Boston Town FC’s first performance specialist, Arun Gray, is a one-man operation for injury prevention, strength and conditioning, rehab and return-to-play. He works under an unusual mix of incentives, maintaining his players’ readiness for the pitch and for their day jobs.

Three of the Premier League’s most expensive players are out of the lineup with injuries. Romelu Lukaku, Paul Pogba and Alvaro Morata each make several hundred thousand dollars per week. Their prolonged absences will cost Manchester United and Chelsea millions of dollars. The medical and performance teams at these clubs must bring these players back to match readiness – and minimize their risk of re-injury –to protect both the clubs’ title ambitions and financial interests in these players.

At the other extreme of the English football pyramid, Arun Gray manages a much different set of pressures and expectations. When any athlete suffers a significant injury we talk about how it affects his livelihood, his identity and career as an athlete. But for semi-professional players at Boston Town FC of the United Counties League, an injury on the pitch truly can derail their ability to make a living.

“The players at this level are paid per game. If they do not play they do not get paid, which creates an entirely new incentive,” Gray said. As semi-professionals, the players all hold day jobs. Boston Town players hold a normal range of full-time jobs, which means some of them will take a double hit from a football injury.

“We have one player who is in a cast because of an ankle sprain. Because of the cast he cannot do his day job. Our goalkeeper dislocated his collar-bone and is out of football for six months. He is also in the Army, so you can imagine the impact his injury has there.”

As Boston Town FC’s first performance specialist, Arun Gray is a one-man operation for injury prevention, strength and conditioning, rehab and return-to-play. In many cases he is the only professional with any experience or training in sports that an injured player will see in their recovery. “Teams at this level do not have in-house medical staff, so the majority of players go to the National Health Service, where they will not find someone with a sports background.”

Gray was a non-league player himself – while attending school and working in sports performance – until he tore his anterior cruciate ligament last season. Rather than play and risk re-injury, he decided to cross the touchline to join the coaching staff.

Before Boston Town, Gray worked at Peterborough United FC in League One (the third tier) and with the Premier League as a fitness testing specialist for youth players. Each league’s resources dictate the extent of testing, assessments and training, but the priorities remain the same.

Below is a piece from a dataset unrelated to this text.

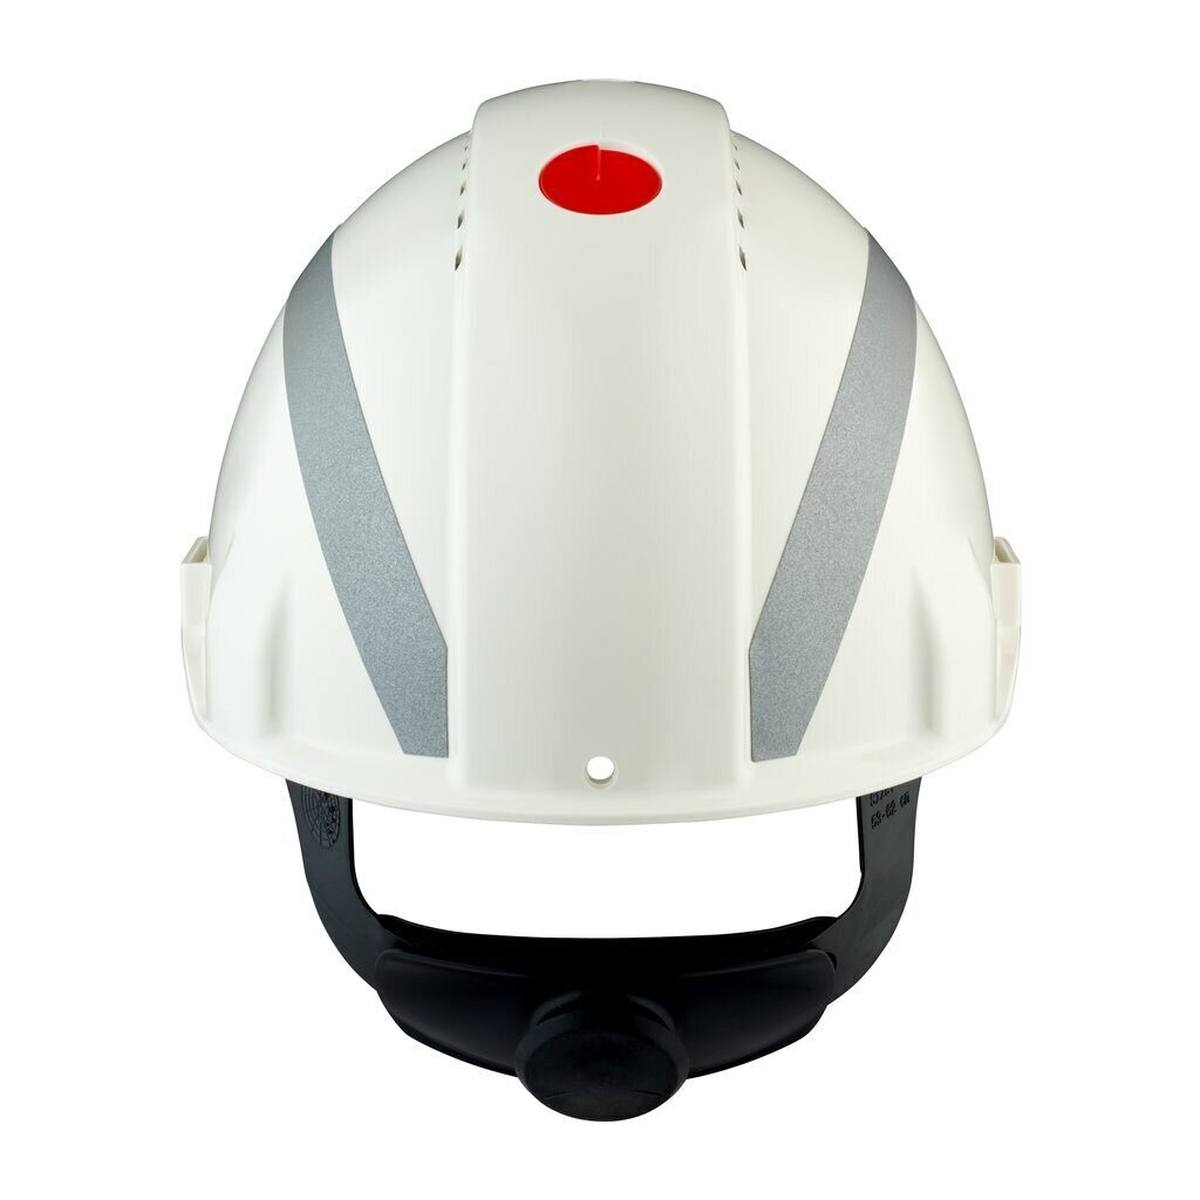 3M G3000 safety helmet with UV indicator, white, ABS, ventilated ratchet fastener, plastic sweatband, reflective sticker
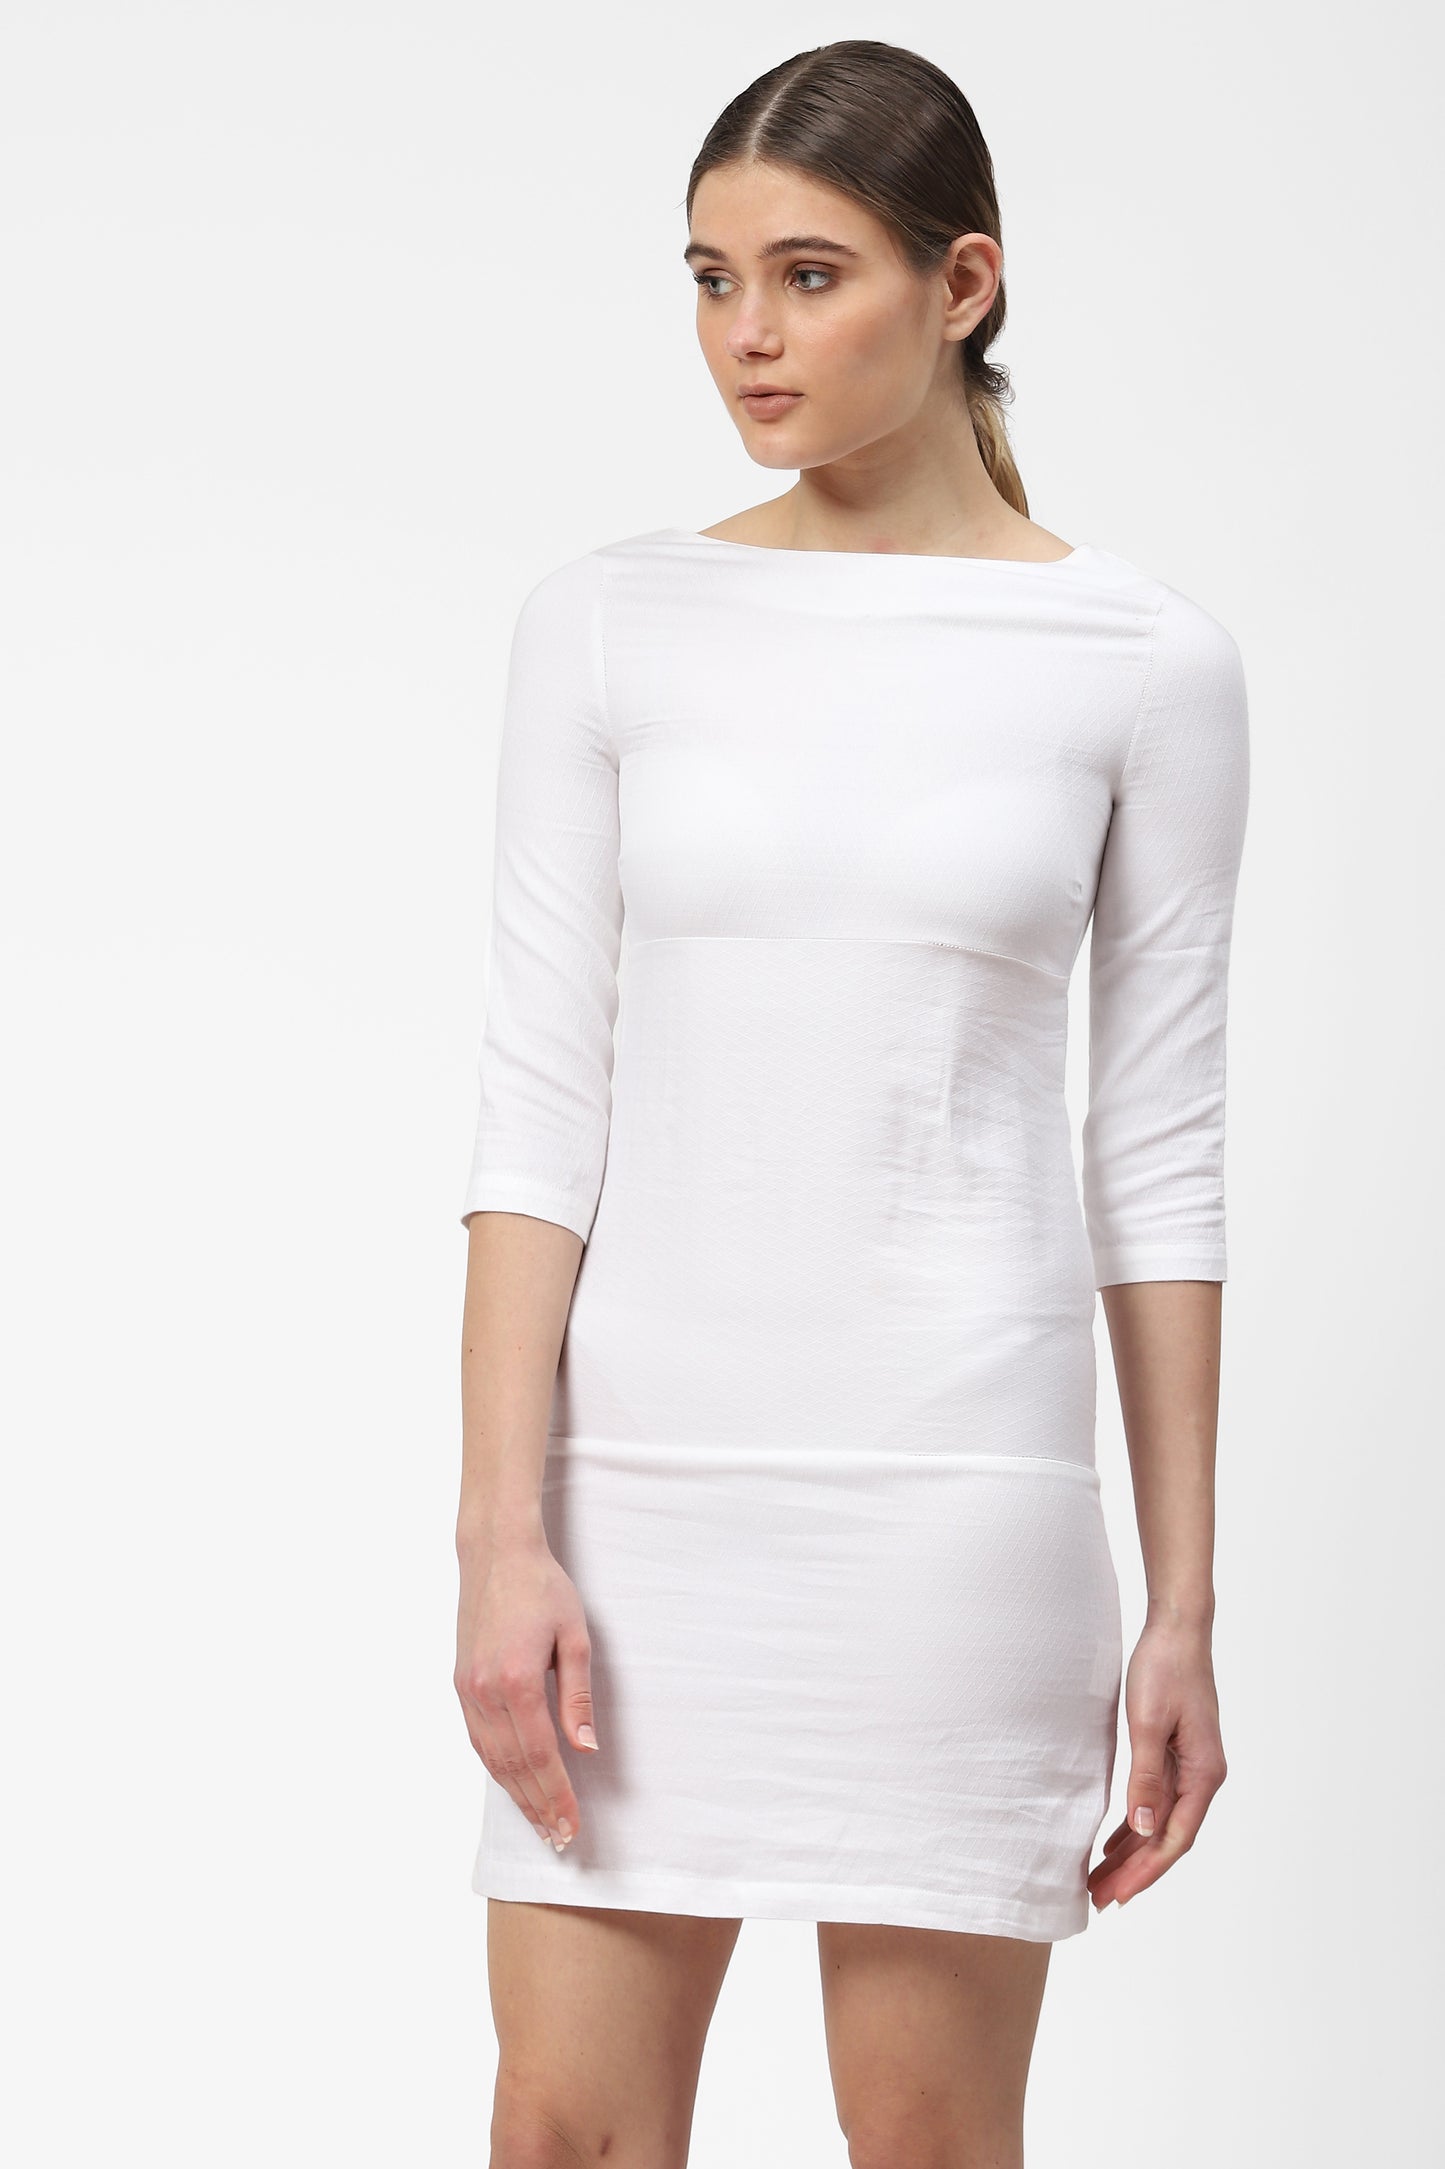 Classic White Cotton Dress With Full Sleeves

“About 70% of testing looks for injury risk factors, and the other 30% is performance attributes. If they are injured, they cannot play. There is daily testing, like subjective wellness questionnaires: how they are feeling, how difficult they felt training was, how well they slept.

“Mobility and flexibility testing is a few times a week, if not daily. We would do a full testing battery maybe quarterly, and then compare daily assessments to those baselines.”

The constraints of semi-professional football – two games plus one practice session per week, no gym, limited budget, players with full-time careers – demand a particular creativity from the coaching and performance staff. “You have to be intelligent with your programming, find things that produce a similar benefit without requiring much equipment.”

Since this was his first year with the team, Gray put the players through a pre-season fitness test to understand who he was working with. A chat with each player gave him a foothold to build his first programme. “We started with a talk through their training history, what kind of volume and intensity where they used to. What was their injury history, what injuries were most common across the team. Last season there were several hamstring strains, so we started including injury prevention sessions into training and specific elements to the warmups to get the hamstrings firing before the game.”

The team has one training session per week: Thursday nights, after work. That session is the only opportunity for the head coach to work on playing strategies and skills, and for Gray to do conditioning and injury-proofing. Injured players perform additional work with him before the twice-weekly games on Tuesday and Saturday. Gray can give the players unofficial training to do independently on the other days, but must balance that against their overall loading from their day jobs and other commitments. Rigid compliance could be as counter-productive as non-compliance.

Like the players he serves, Arun Gray has a day job or two. He has his own rehab and performance practice, on top of also being a lifeguard supervisor (like its namesake in the United States, the original Boston is on England’s east coast). He hopes that a greater emphasis on injury prevention and player performance will lead to more opportunities at the lower levels of the football pyramid for students and – eventually – full-time professionals.

“More coaching and medical staff are becoming qualified, and the field is growing. About half the clubs in our league have someone like me. That alone shows the increased commitment to injury prevention and return-to-play. I’d like to develop this side at Boston Town with interns or student work experience to bring in new ideas and help with prevention and rehab.

“It would be good to see more money filter down to the lower clubs specifically set aside for performance and injury prevention. An injury to a non-league player can affect much more than their playing career.”